El Departamento de Educación del Gobierno Vasco incorporará el Bachillerato Internacional a la red pública a partir del curso 2026-2027. Se trata de un movimiento que busca reforzar la proyección exterior del sistema educativo de Euskadi y abrir nuevas vías académicas para el alumnado de Bachillerato.
Este programa, de dos años de duración y reconocido por universidades de todo el mundo, se integrará como una opción complementaria al Bachillerato ordinario.
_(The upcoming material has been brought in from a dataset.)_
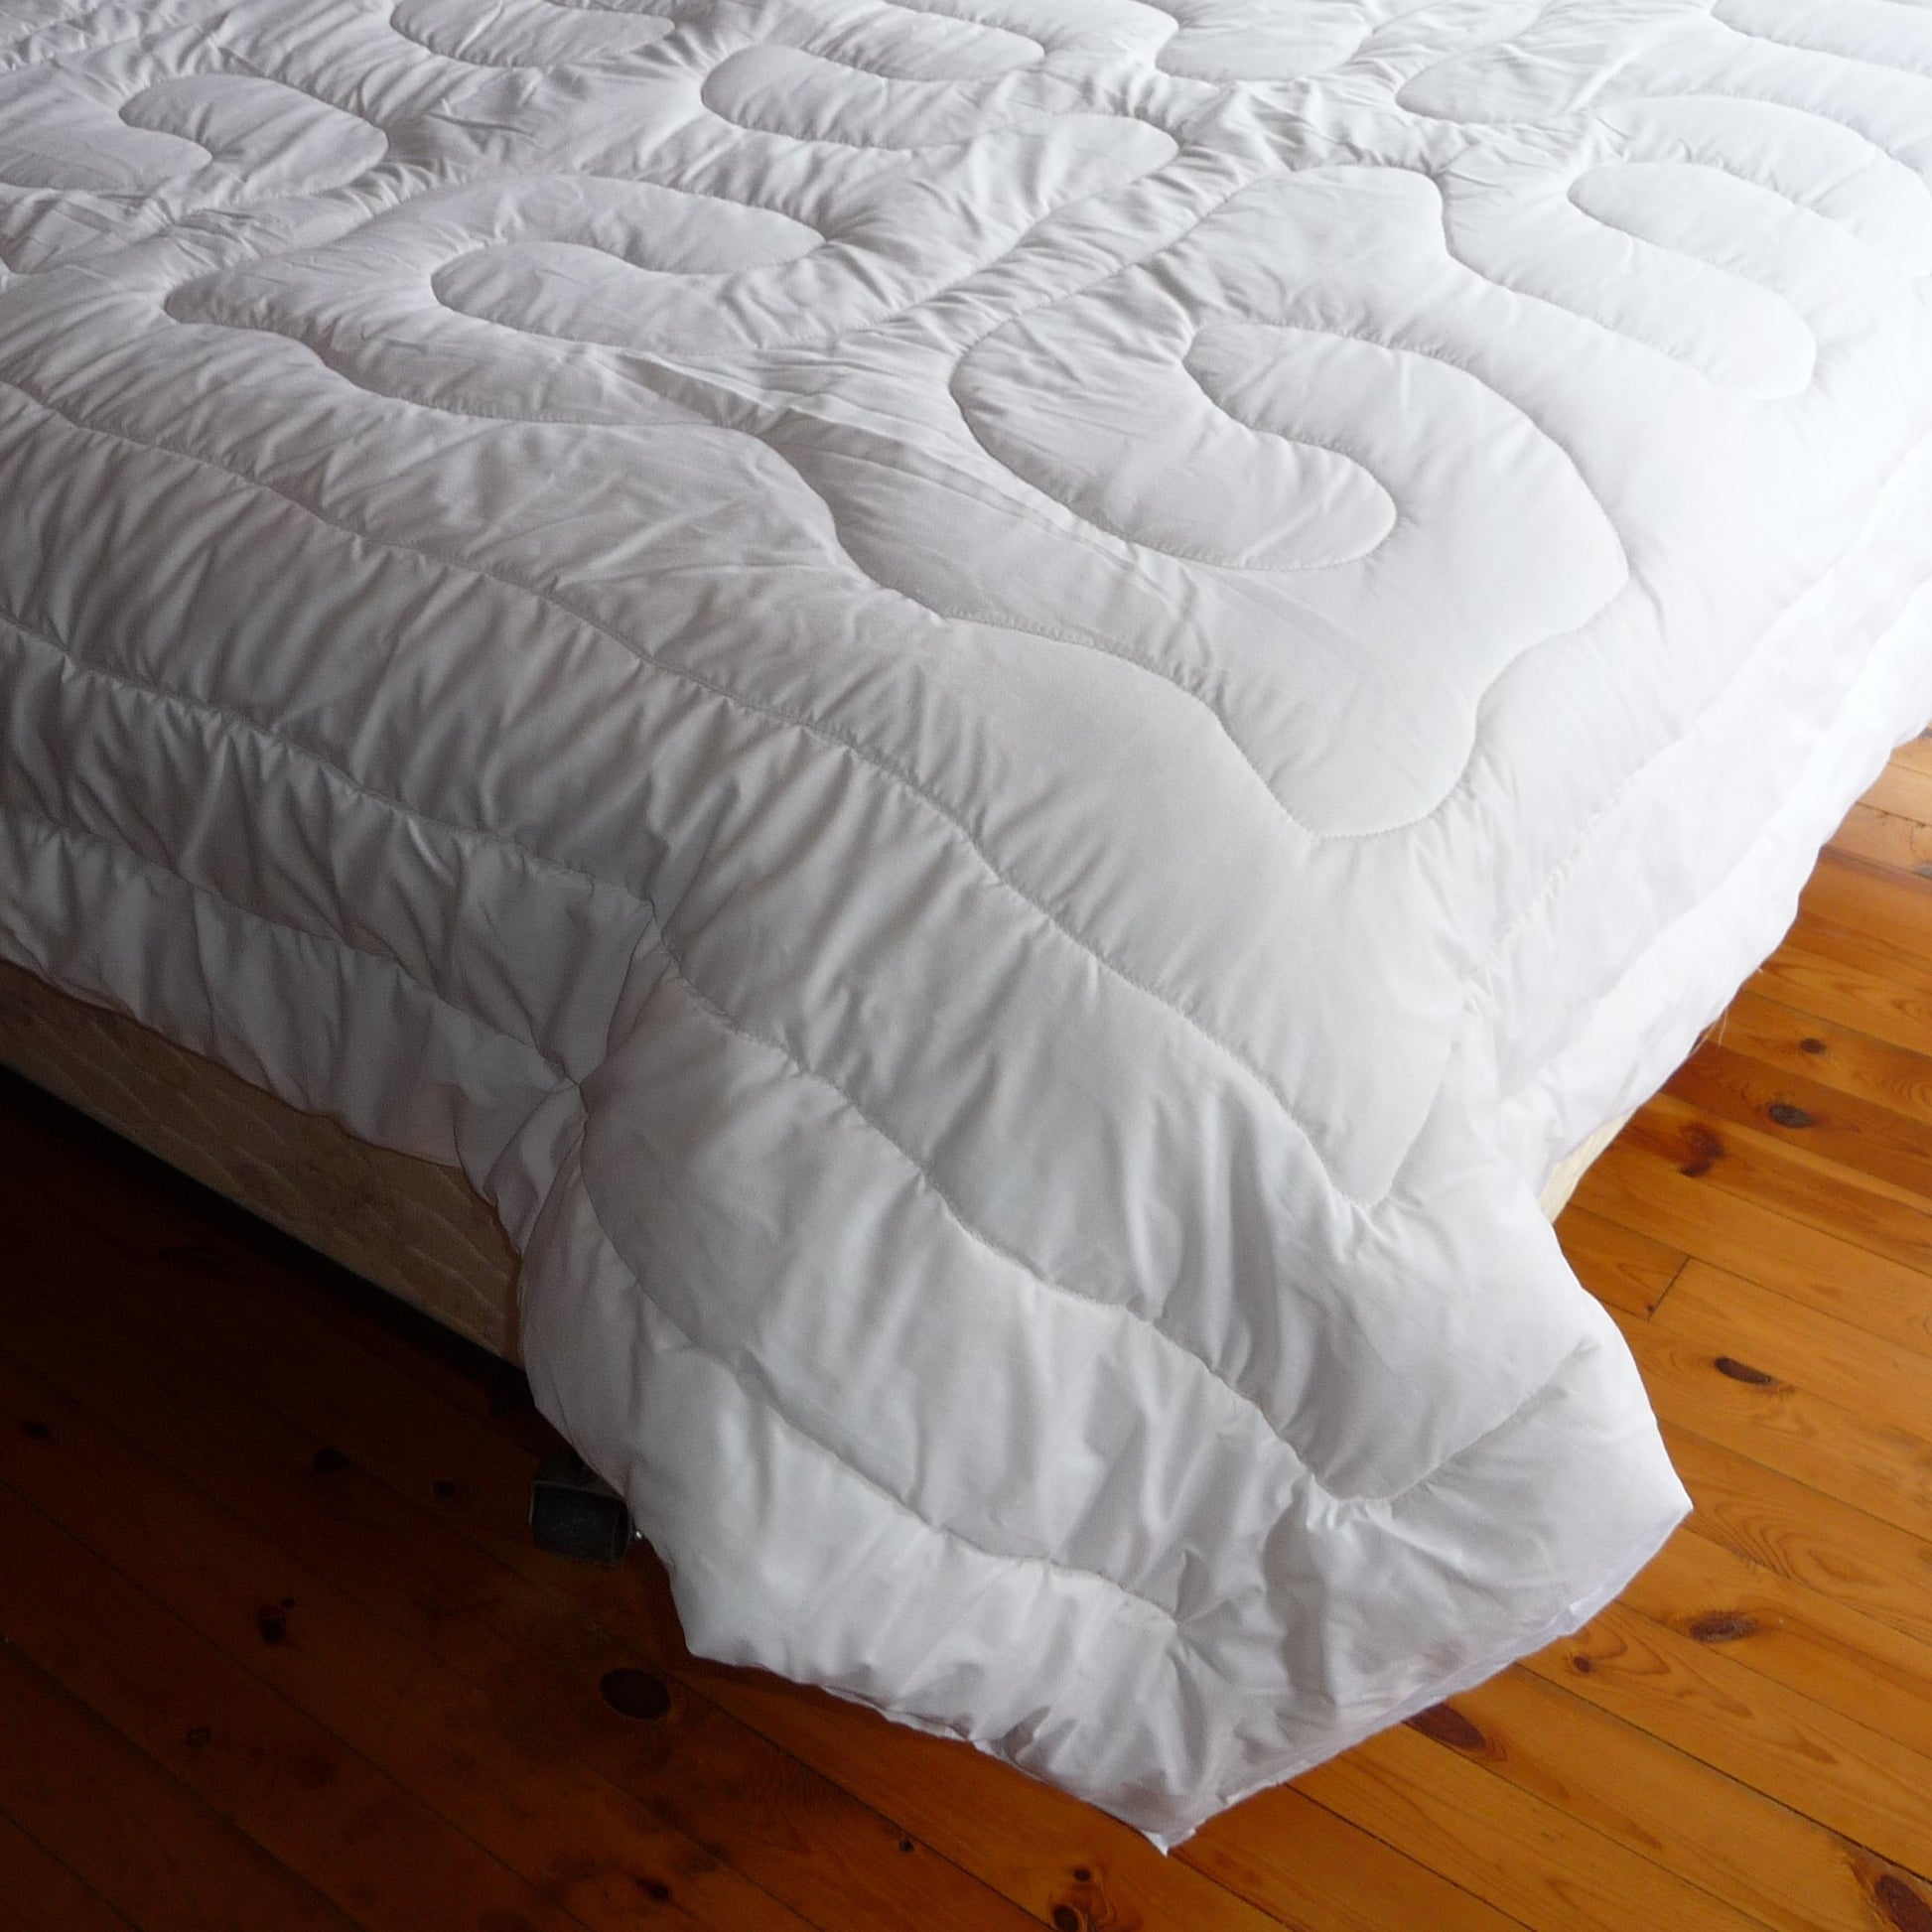 Cold Country Wool Comforter. Made in Canada 
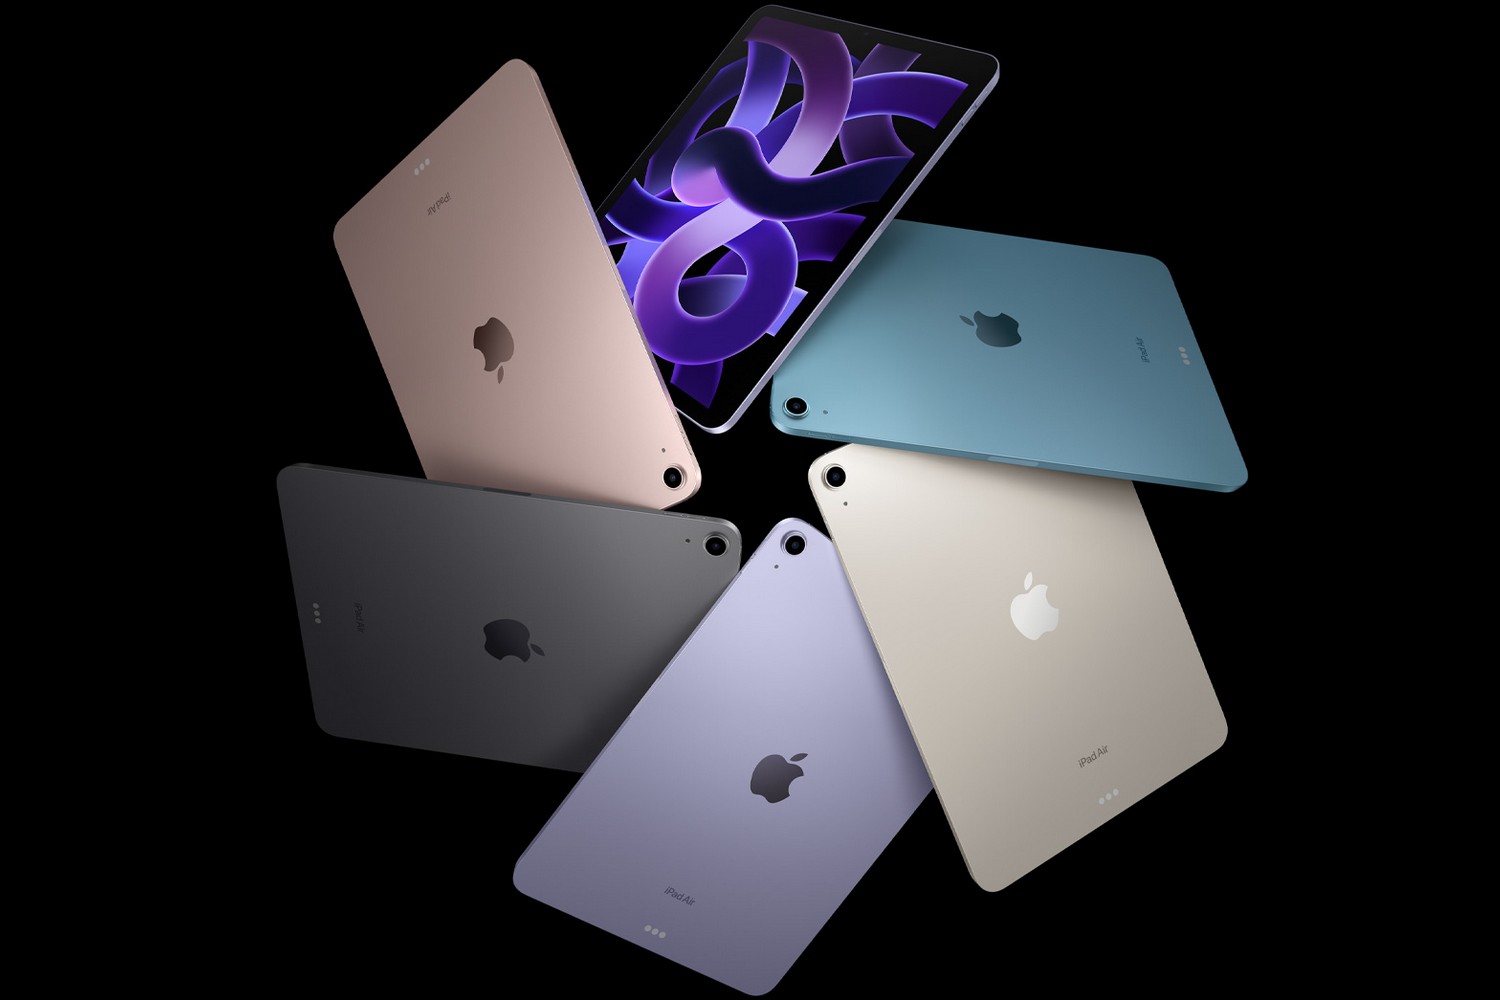 Six Apple iPad Air 5s fanned out in a circle, showing off the various colors of the chassis.

Quien lo complete obtendrá una doble titulación: el título oficial de Bachillerato y el Diploma de Bachillerato Internacional (IB), un distintivo muy valorado en procesos de admisión universitarios, tanto en España como en Europa y otros países.
Implantación en tres institutos y plazas disponibles

El Bachillerato Internacional llegará inicialmente a tres centros públicos de Euskadi: el IES Botikazar BHI, en Bilbao; el IES Urritxe BHI, en Amorebieta-Etxano; y el IES Unamuno BHI, en Vitoria-Gasteiz. Estos institutos han sido seleccionados tras un proceso en el que se valoraron requisitos organizativos, pedagógicos y de plantilla.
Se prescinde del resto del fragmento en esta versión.